C'est un des meilleurs spectacles du moment. Jean-François Prévand a écrit les dialogues à partir de textes originaux rendant cette rencontre "fictive" entre Voltaire et Rousseau tout à fait plausible et surtout extrêmement vivante.
Il n'est pas nécessaire de connaitre leurs oeuvre pour apprécier les joutes verbales. elles sont tellement d'actualité avec les débats qui occupent les ondes sur la citoyenneté et l'éducation qu'on a le sentiment que les propos n'ont pas vieilli. Mais de toute évidence, il y a encore plus de plaisir, lorsqu'on a lu par exemple Candide ou L'Emile, à entendre des phrases qui avaient suscité réflexion sur les bancs du lycée ou de l'université.
L'usage de costumes qui ne sont pas très datés rend le face à face encore plus "contemporain". Le démarrage est un peu artificiel. Les comédiens sont campés dans une forme de raideur, sans doute intentionnelle pour signifier la bienséance de l'époque. mais très vite les masques tombent et les caractères se révèlent.
On s'amuse d'apprendre que Voltaire avait une passion pour les fleurs, tout en la trouvant logique puisqu'il employait la métaphore de cultiver son jardin. On sourit d'entendre que Rousseau se moque du quand dira-t-on et que dès lors qu'on aime le théâtre on est capable de tous les forfaits.
Le philosophe a du mal à imposer son point de vue face à un adversaire qui plaisante de tout alors qu'il voudrait le convaincre que Molière n'a rien compris au Misanthrope. C'est que Voltaire est extrêmement irrité : quand je vous lis il me prend des envies furieuses de marcher à 4 pattes. Ses répliques sont d'une ironie grinçante, justifiée de la constatation que l'homme est un loup pour l'homme et que ce n'est pas à votre chien que je vais l'apprendre.

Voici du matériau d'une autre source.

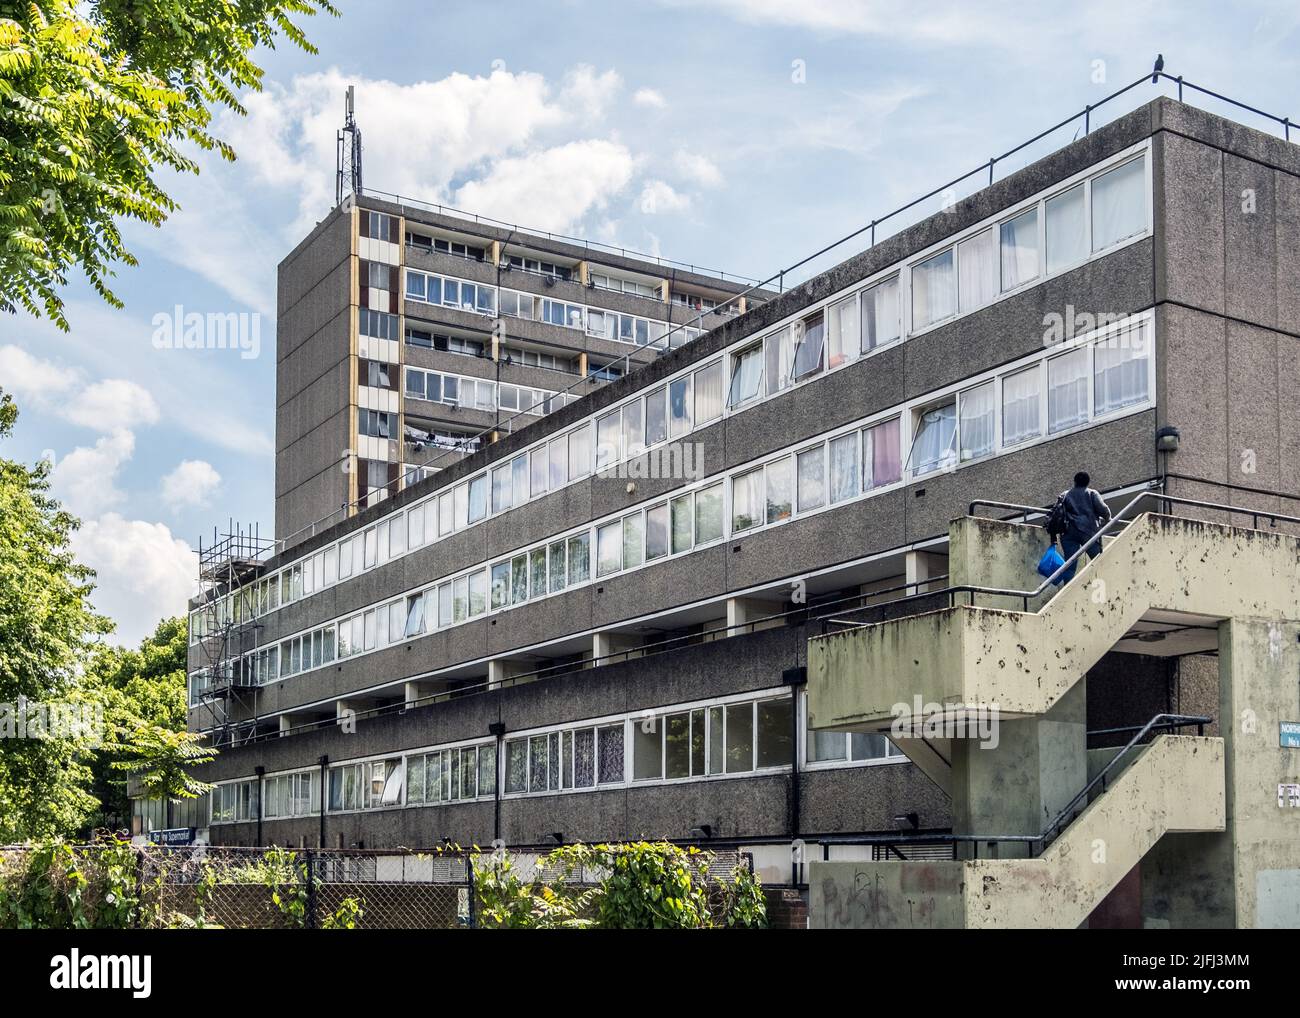 Council flats in the Aylesbury Housing Estate in Walworth, South London, England, UK. Stock Photo

Rousseau se défend avec de mauvais arguments contre son cher "centre du monde". Il a beau réaffirmer que l'intelligence est la mère de tous les vices, la démonstration ne peut pas tenir, qu'il soit ou non intelligent lui-même. Et Voltaire est très drôle dans son imitation satirique, mimant un jean-Jacques appelant ses chers petits lapins et promettant que Papa Emile leur lira la Bible.
C'est que le plus grand reproche qu'on peut lui faire est d'avoir abandonné ses cinq enfants à l'Assistante publique tout en prétendant discourir de l'éducation. Et Voltaire ne s'est pas privé de le critiquer à ce propos. Le "bon" papa a même oublié leur date de naissance et se défend piteusement : je ne voulais pas qu'ils vivent la vie que j'ai vécue. Je ne suis pas vraiment coupable.
Qu'ils abordent le thème religieux et la guerre reprend. J'adore un Dieu créateur et intelligent, ... s'il existe affirme Voltaire en nuançant son propos : on n'aurait jamais eu ni l'Islam ni la Chrétienté qu'est ce qu'on serait tranquille !
La solution est simple pour Rousseau : il faut changer de gouvernement pour trouver le chemin du bonheur. Vous imaginez les rires dans la salle !
Voltaire est au bord de l'exaspération : L'homme ne serait que le produit de la société ? Cela signifierait alors qu'il n'a pas été créé à l'image de Dieu ...
Il est au bord de l'implosion : Diderot est en prison, D'Alembert n'ose plus écrire, je suis exilé (...) Je suis pour la tolérance et contre la censure mais on me fait taire. Vous êtes venu pour vous disculper (d'avoir abandonné ses enfants). Quel que soit l'art d'être coupable ou innocent nous sommes res-pon-sa-bles (de nos actes).
Le combat de coqs se poursuit en insultes. Il manque un arbitre à ce débat d'idées mais le public saura se forger son opinion. Deux siècles plus tard les sujets sont aussi brûlants, les questions toujours aussi pertinentes. Pourrons-nous transmettre l'équivalent à nos descendants avec les querelles qui nous agitent en ce moment ?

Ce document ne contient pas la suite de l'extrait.